ASSIGNMENT
Give all of the listing again word for word, with images excluded.

RECORDED INFORMATION

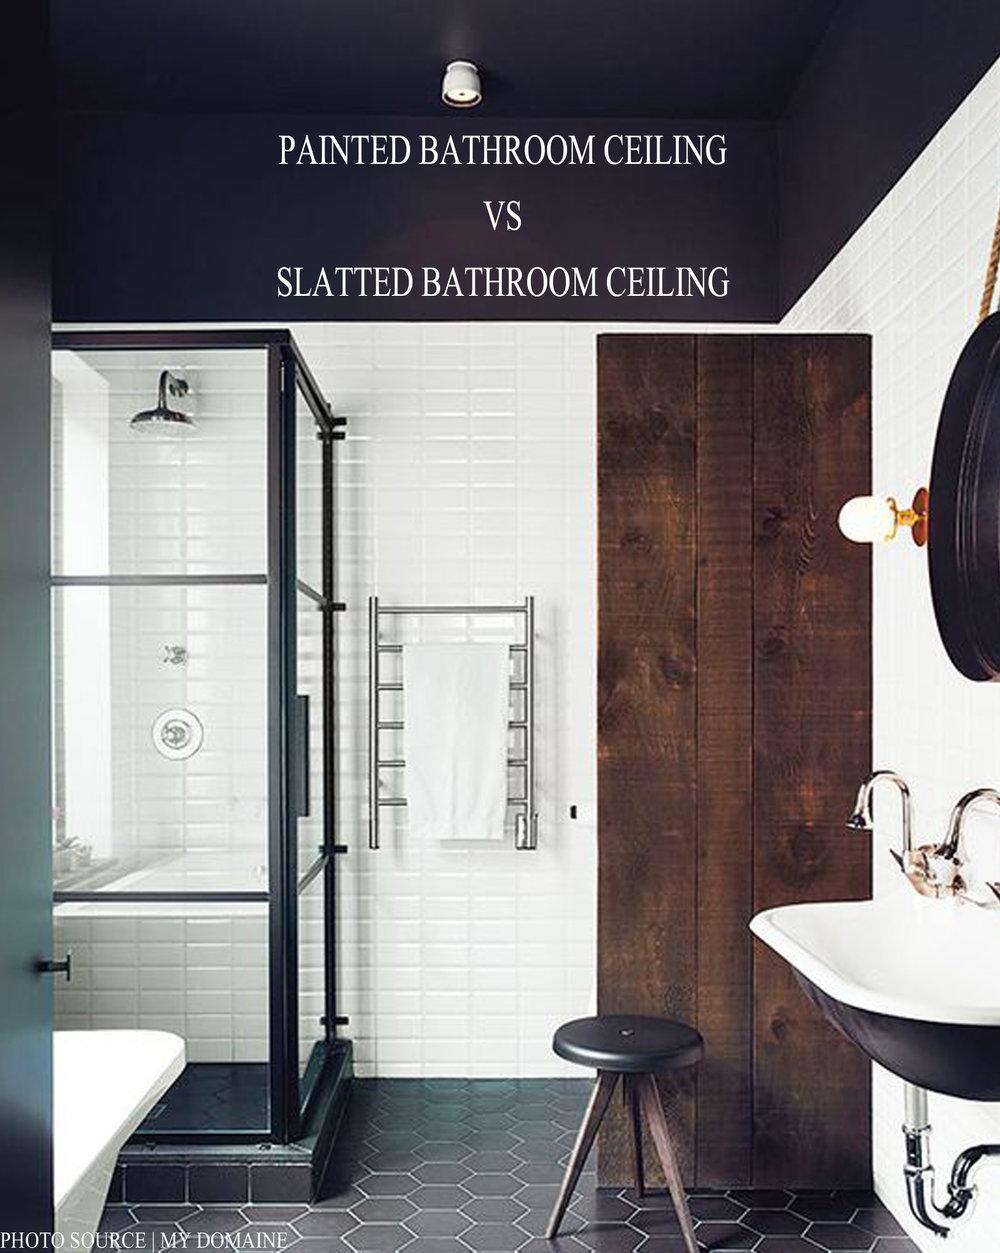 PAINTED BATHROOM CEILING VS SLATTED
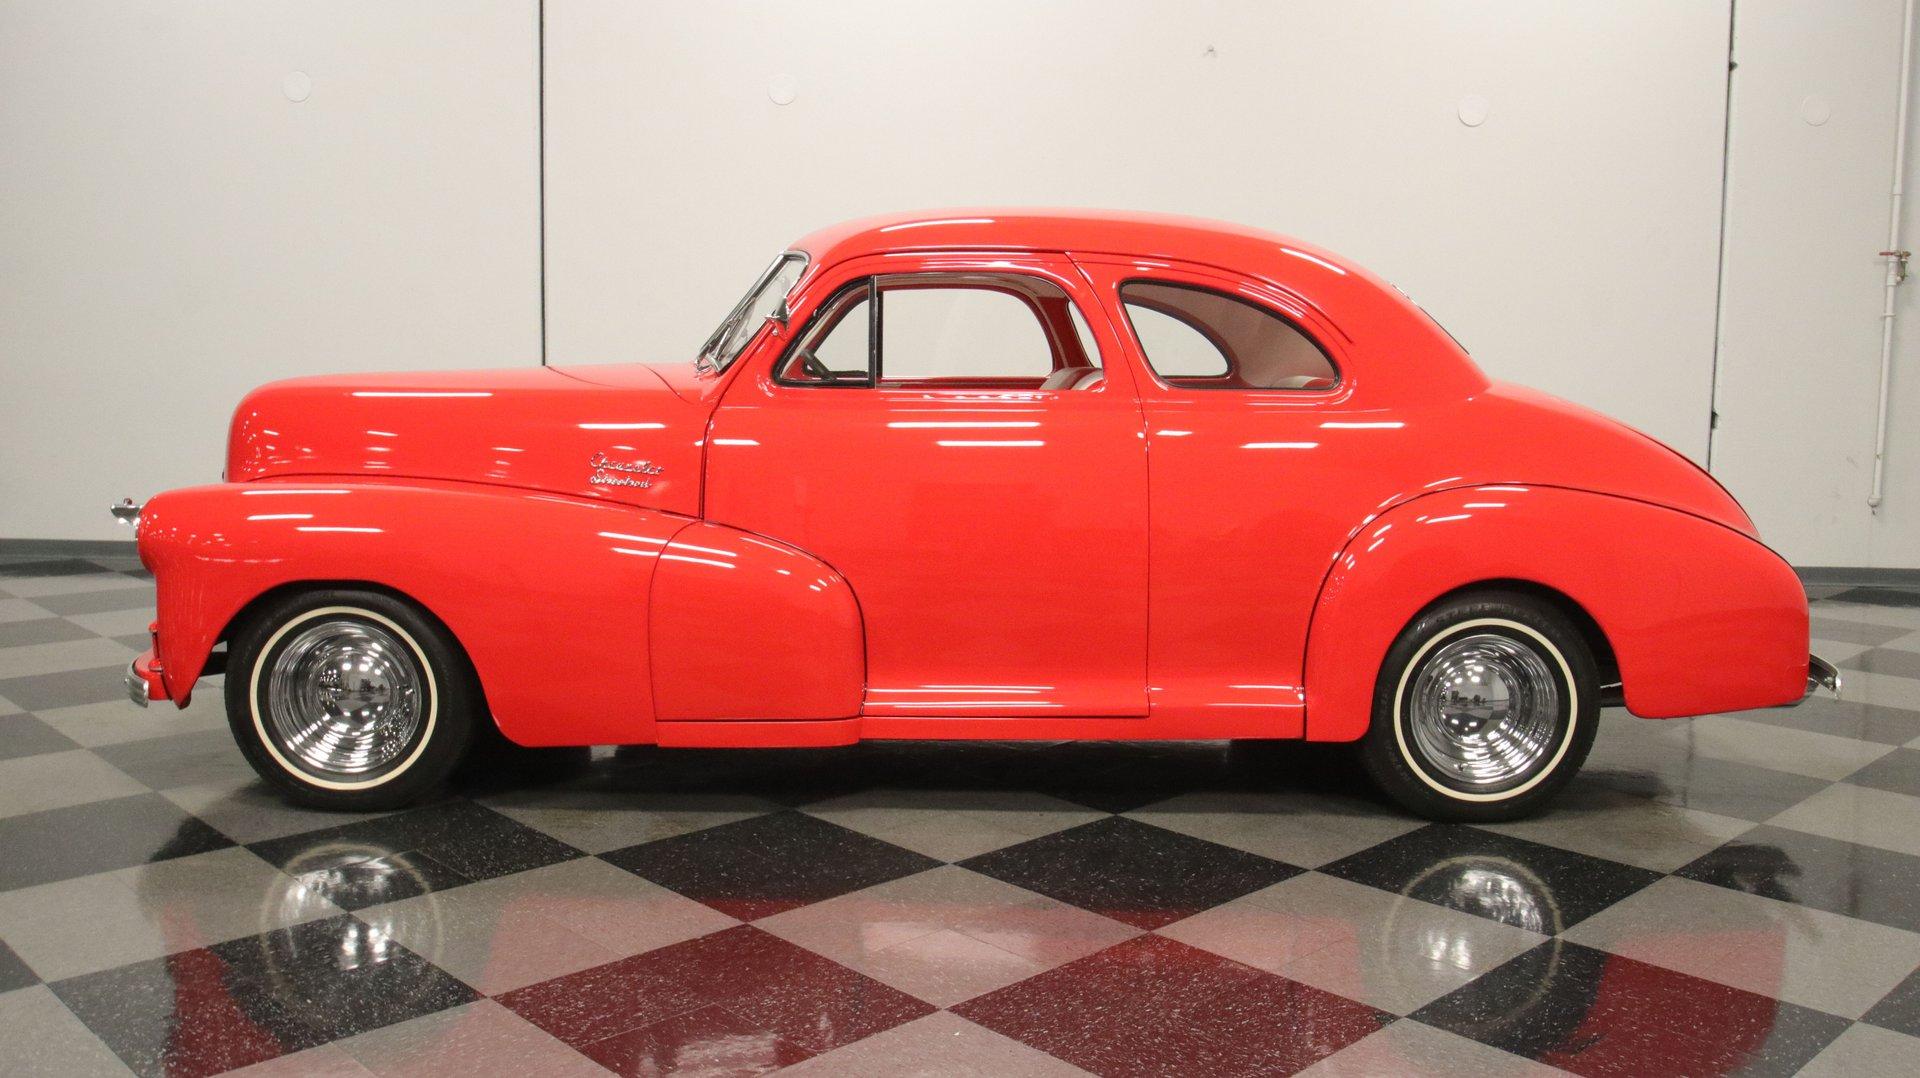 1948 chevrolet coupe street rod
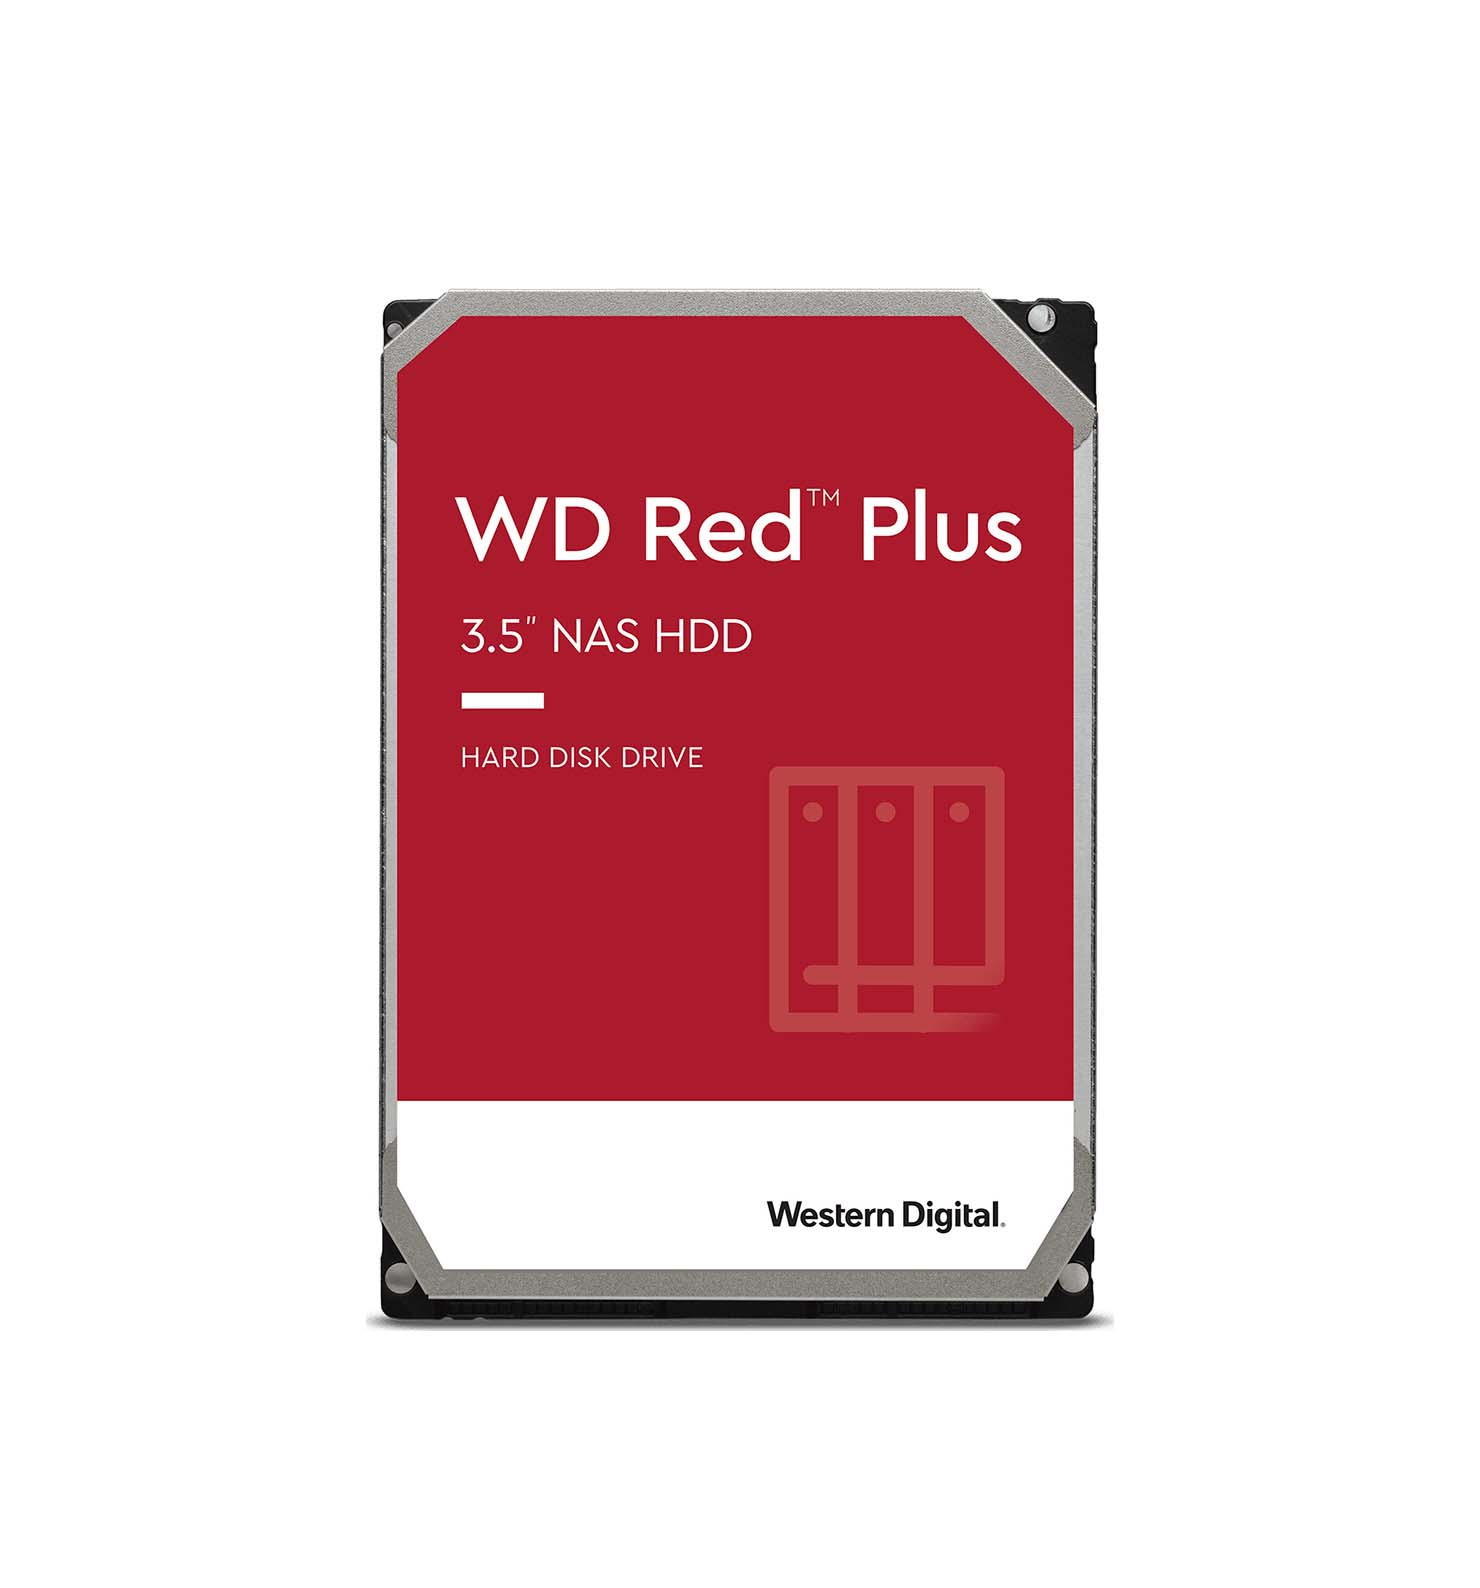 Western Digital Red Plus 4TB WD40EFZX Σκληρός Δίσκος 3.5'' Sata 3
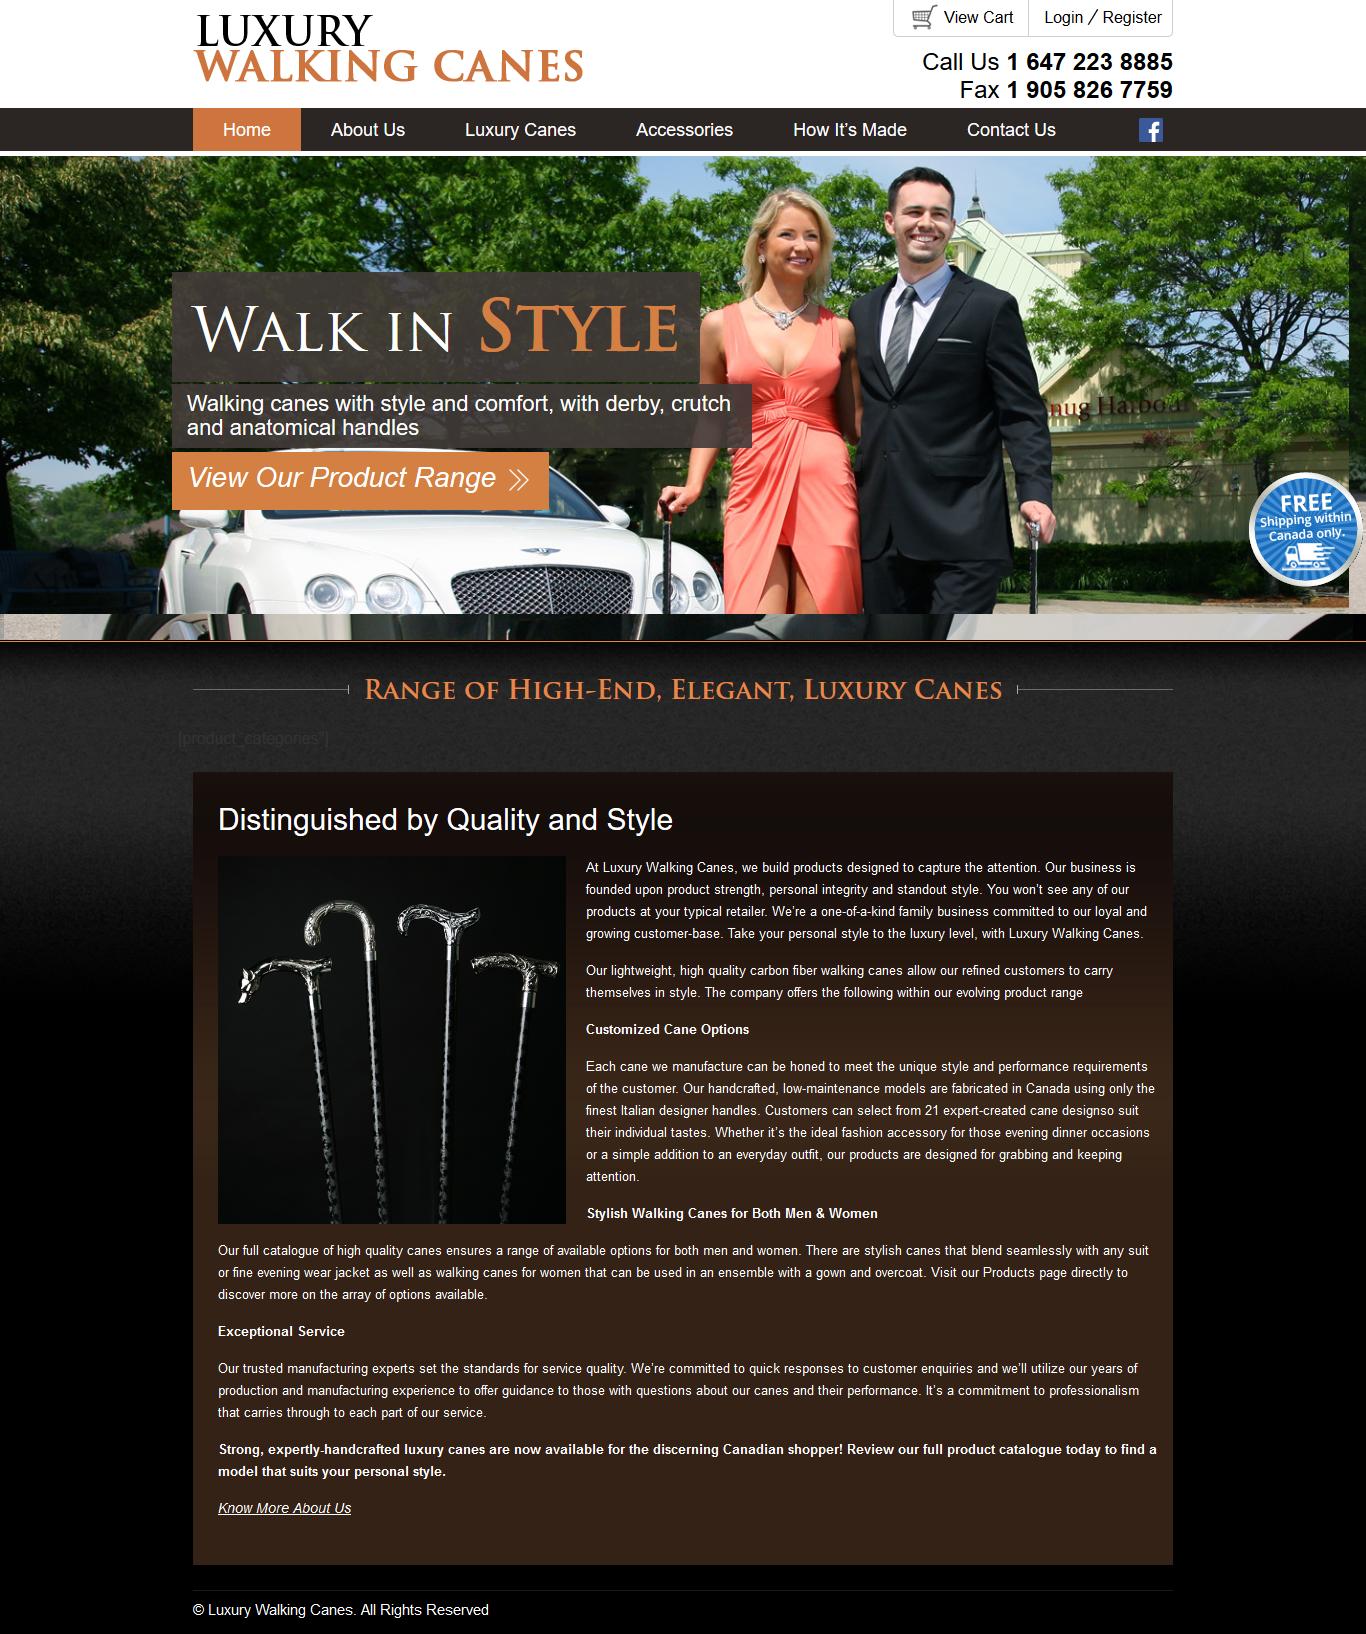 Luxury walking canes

REPLY TO THE EXERCISE
 PAINTED BATHROOM CEILING VS SLATTED
 1948 chevrolet coupe street rod
 Western Digital Red Plus 4TB WD40EFZX Σκληρός Δίσκος 3.5'' Sata 3
 Luxury walking canes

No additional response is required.